The National Museum of Natural History loaned the Smithsonian Community Reef to the Putnam Museum and IMAX Theatre in Davenport, Iowa. The reef is composed of thousands of crocheted natural reef forms and was a highlight of the Sant Ocean Hall exhibit at the National Museum of Natural History .
"The Peoria Falcon," a sheet of copper stylized in the form of a falcon, was loaned to the Lakeview Museum of Arts and Sciences (now Peoria Riverfront Museum) in Peoria, Illinois by the National Museum of Natural History. The artifact was created during the Mississippian Period and excavated near Peoria, Illinois in the late 1850s.
The National Postal Museum loaned the Railway Post Office to the North Carolina Transportation Museum in Spencer, North Carolina.
The National Museum of Natural History loaned an 18-karat gold Monopoly set covered with precious gemstones to the Museum of American Finance in New York, New York.
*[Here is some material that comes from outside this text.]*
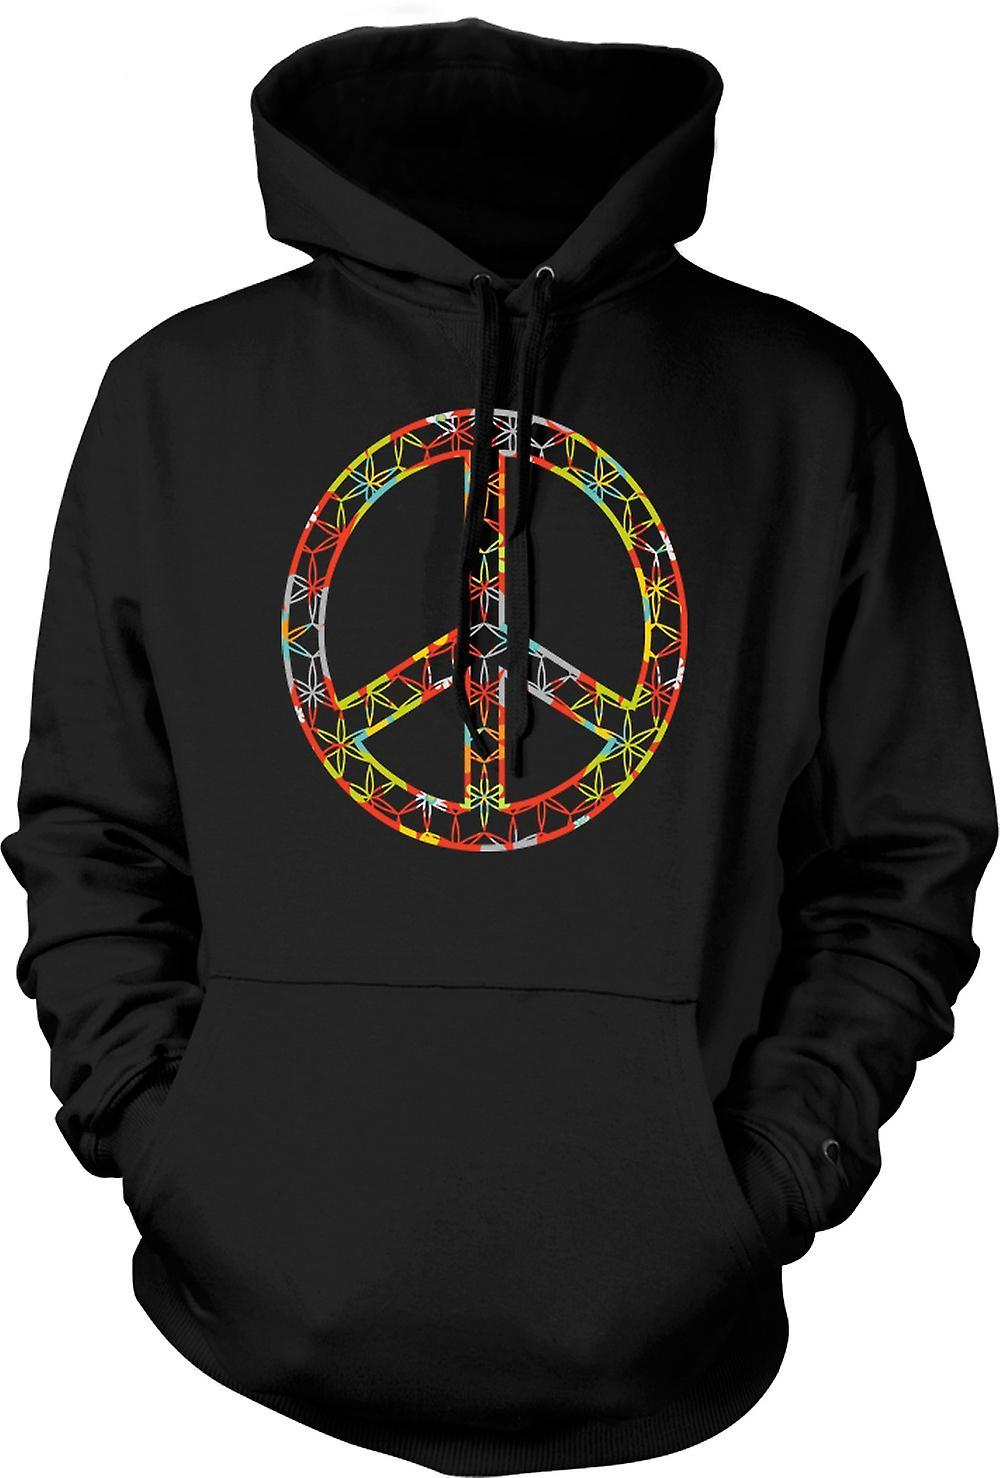 Mens-Hoodie - Floral Friedenszeichen - CND
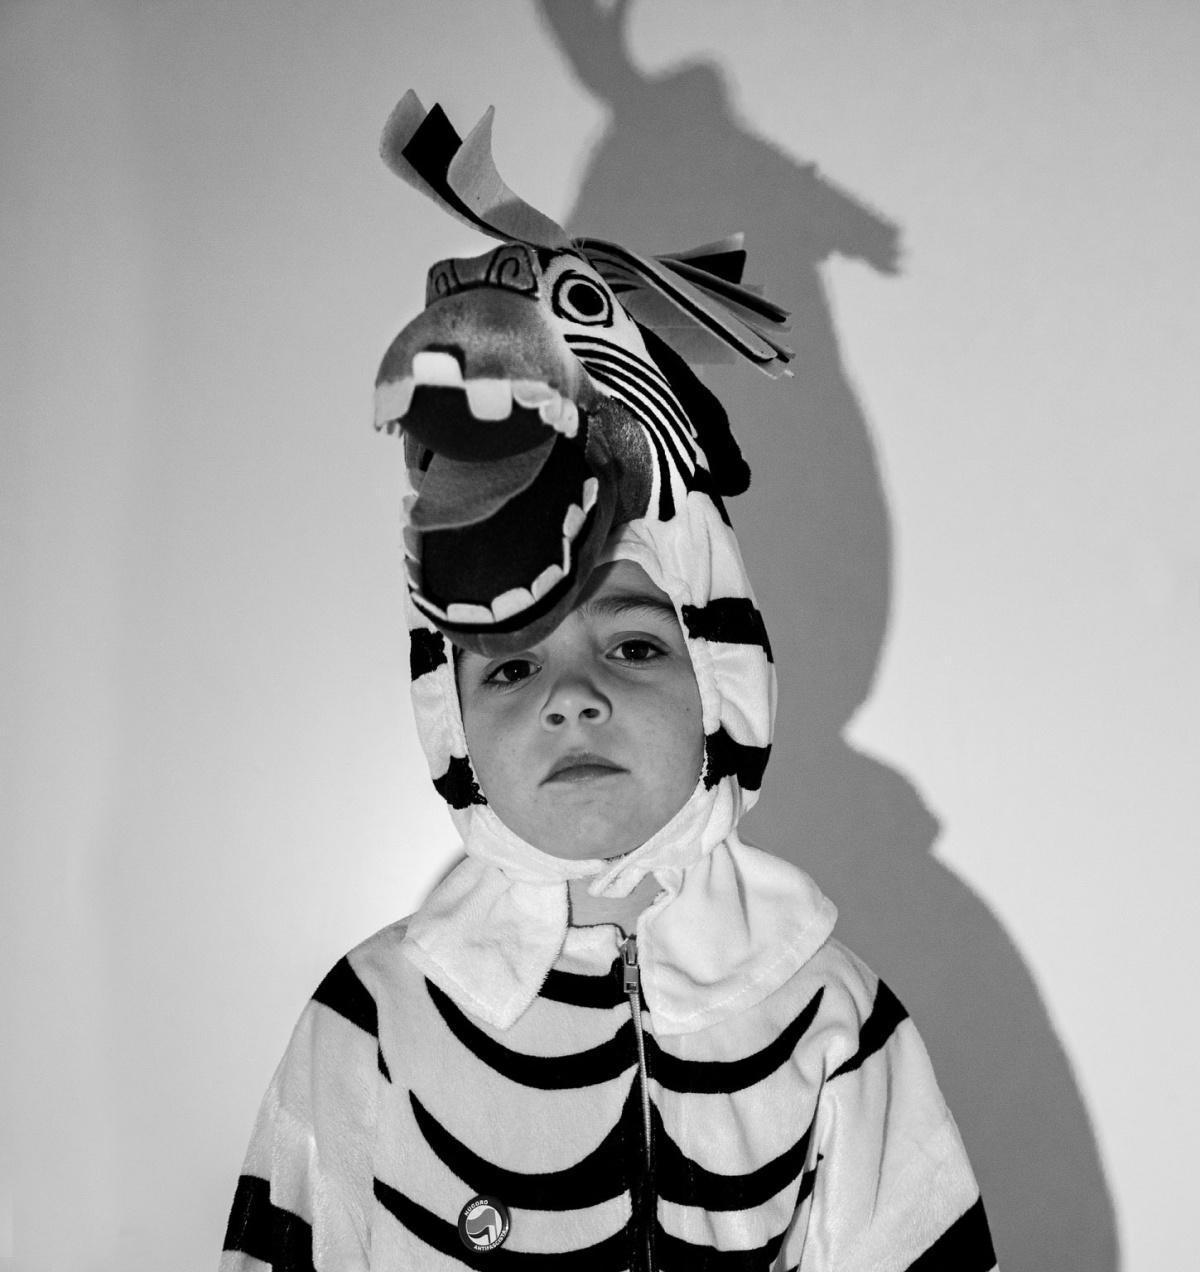 """Eventi OnLine // Mostra Fotografica in progress // """"Rubrica giocosa sulla storia della fotografia."""" Gigi Murru"""

The board game was designed by artist Sidney Mobell.
The National Museum of Natural History loaned the skeleton of the racehorse, "Lexington," to the International Museum of the Horse in Lexington, Kentucky
The top hat worn by president Abraham Lincoln on the night of his assassination was loaned to the Blackhawk Museum in Danville, California by the National Museum of American History.
The exhibit, Smithsonian Expeditions: Exploring Latin American and the Caribbean at the Miami Museum of Science, borrowed several artifacts from the National Museum of Natural History including painted gourds and a 5-foot-tall monolith from the Nicaraguan island of Momotombito.
The Historic Arkansas Museum borrowed over 40 artifacts from the National Museum of the American Indian for the exhibit We Walk in Two Worlds: The Caddo, Osage and Quapaw in Arkansas.
The Smithsonian American Art Museum loaned three José Campeche paintings to the Museo de Arte de Puerto Rico in San Juan, Puerto Rico.
The Senator John Heinz History Center in Pittsburgh, Pennsylvania has on loan from the National Museum of American History a Bantam Jeep and a piece of the original Star Spangled Banner Flag.
Yokohama prints from the Freer Gallery of Art and the Arthur M. Sackler Gallery were loaned to the Japanese American National Museum in Los Angeles, California for the exhibit Japan After Perry: Views of Yokohama and Meiji Japan.
The National Postal Museum loaned stamp designs and drawings created by president Franklin D. Roosevelt to the Blackhawk Museum in Danville, California.